O conto que se segue foi escrito a partir do poema Aves Tristes de Francisco Ferreira.
Hoje,
amanheci sem-vontade. De tudo. De nada. Olhei a pilha de livros todos com um
papel marcando o ponto da leitura interrompida — ausência daquelas linhas
prenhas de fatos sem-graça. Sem-propósito. No chão, papéis amassados pela
intensa tentativa de escrever, nunca acertando o ponto da história, sem-ânimo.
Vontade de andar à toa. Sem-companhia. Desesposada. Sem-música. Sem-sol.
Sem-carro. A oficina descumpriu a promessa. Sem-fome. Café me sustenta sempre.
Vinho, às vezes. Água? Atravesso todas as ruas por que passo. Ânsia de
desaparecer numa multidão que não vislumbro. Sem-pessoas. Desmovimento. Voltar?
Sem-intenção. Imaculado-me. Procuro um tronco para me suster. Qualquer árvore
me serve. Sem-sono. Sol enfraquecido na cabeça. Assisto as primeiras estrelas.
Venta. Sem-frio. Com essa roupa? Sem-dinheiro. Ouço tímida e cúmplice a gaita
na boca do Eduardo. Bar principal. Meus ímãs. Ninguém me sonda. Entrada
triunfal, embora. Ínfima atração provoco. Sem-olhares. Preciso beber. Ou vinho.
Ou café. Ou água. Que ninguém é capaz de me recusar. Engano-me. Despercebida.
Desperseguida. Ignorada.
Um
homem velho, gordo, fétido por-certo, feio, olha-me verdadeiro sem-interesse.
Desinibida pela sede. Descrio a mudez. Sem-perceber o papel em suas mãos. Aves
tristes, Francisco Ferreira.
— Se
você fosse banco você me emprestaria dinheiro?
— Como?
— Você
pode se fingir de banco?
— De
praça ou de moeda?
— De
moeda.
— Ah...
Pensei que quisesse se sentar. Não está cansada? Move as pernas esperançosas. Onde esteve? Aceita uma bebida?
Pergunta
mágica, útil, após enxurrada de questões. Nada respondo. Aceito a bebida,
gestual, no entanto. Qualquer. Que escolhesse. Sem-me-sentar. Como pagar a
gentileza? Próxima questão, agora, feminina.
Sinto
vergonha da calcinha manchada do azul do jeans. Ele poderia ver. Sentir nojo.

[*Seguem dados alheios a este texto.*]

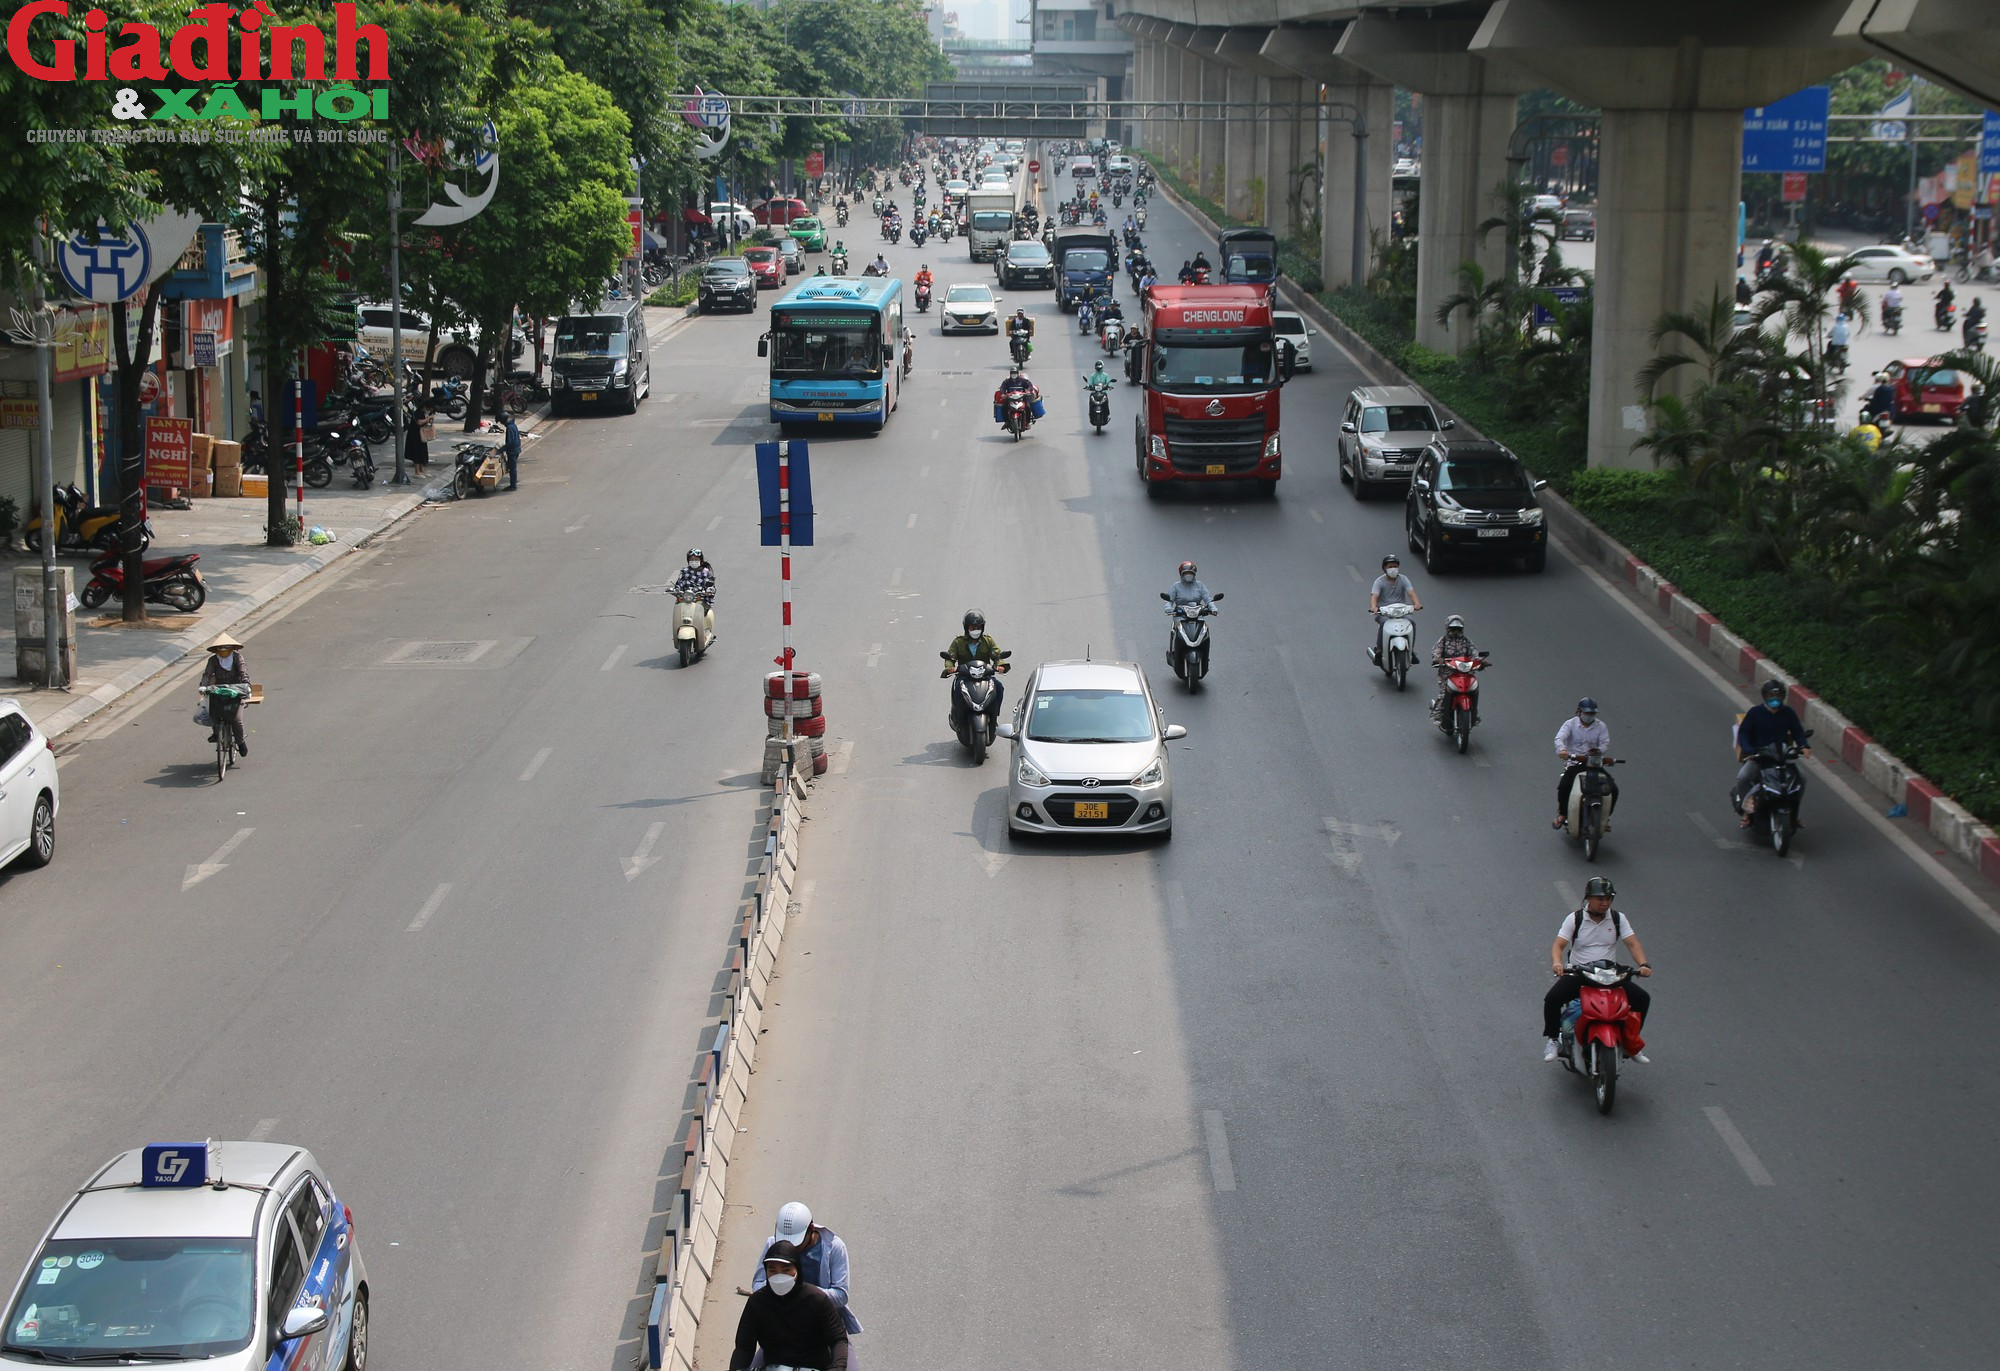 Sau gần một năm thí điểm, cột phân làn gãy đổ, người dân vẫn mạnh ai nấy đi trên đường Nguyễn Trãi - Ảnh 5.

Mas ele não precisaria ver a calcinha. E se ele a quiser cheirar?
Sem-permissão.
Descontrolo
meu suor. Algures de mim. Desjustifica atitude. Nenhures. Tudo nos desunia. A
mesa de canto. O poema. A aparência desagradável de homem. Que não buscava
sexo. O desdesejo de ambos. Desatrativos. O cheiro másculo. A calcinha
manchada.
Entretanto.
Algo nos atava. A sede.
E adoto
a liberdade de não portar dinheiro. Ele me examinou, sondando minha idade. De
repente, move-se na cadeira e transmite um odor nauseabundo de esperma
represado com cueca sem-trocar e hálito vinícola e axila suada e roupa deslavada
sem-troca nunca. Eu não o suportaria penetrar-me. Torci para que ele fosse ao
banheiro, quem sabe, lá, ele pensaria em me levar para a cama, então, lavaria o
pênis na pia. Sem-vontade de o limpar. Até transaria com ele, porque eu poderia
sair correndo se não conseguisse fazê-lo gozar, que ele jamais me alcançaria.

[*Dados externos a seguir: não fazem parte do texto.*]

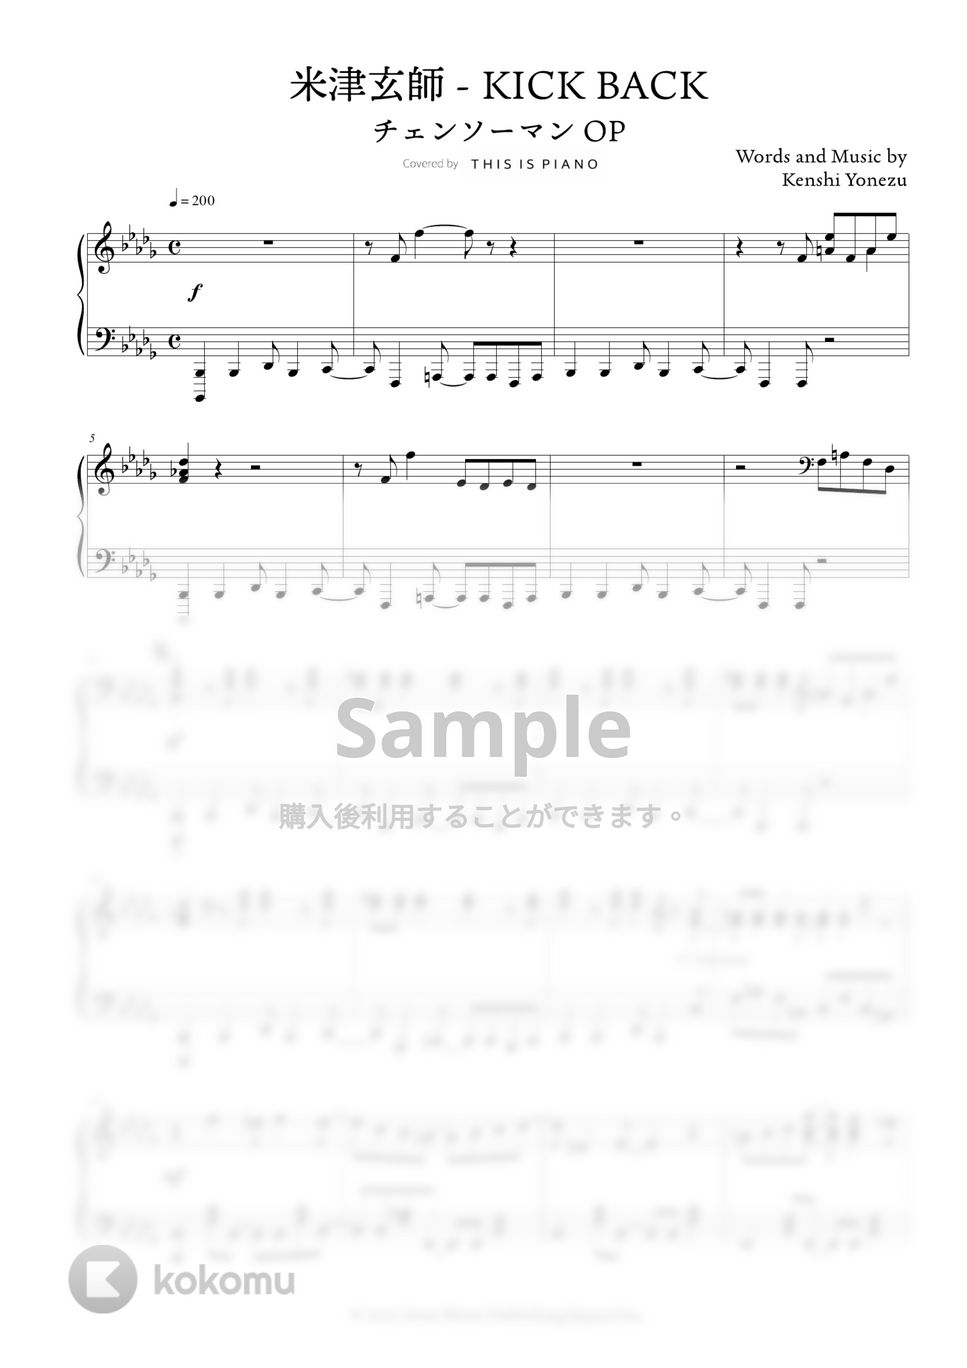 『チェンソーマン』 OP - KICK BACK (米津玄師) by THIS IS PIANO

Corro demais. Mas, e se ele não pedir pra transar comigo? Ele não parece muito
carinhoso. Já foi casado? Tem filhos? Por que saber tanto?
A água
desvirginava sua imundície. Desponta com as mãos úmidas, finalmente. Lindas
mãos machas. Elas podiam me tocar. Estiro as minhas. Decidida. Designorada.
Desejares. Olhares conluiados. Caminhamos na mesma direção. Volta à mesa, pega
o poema. Sai. Sigo-o sem-pressa de acabar.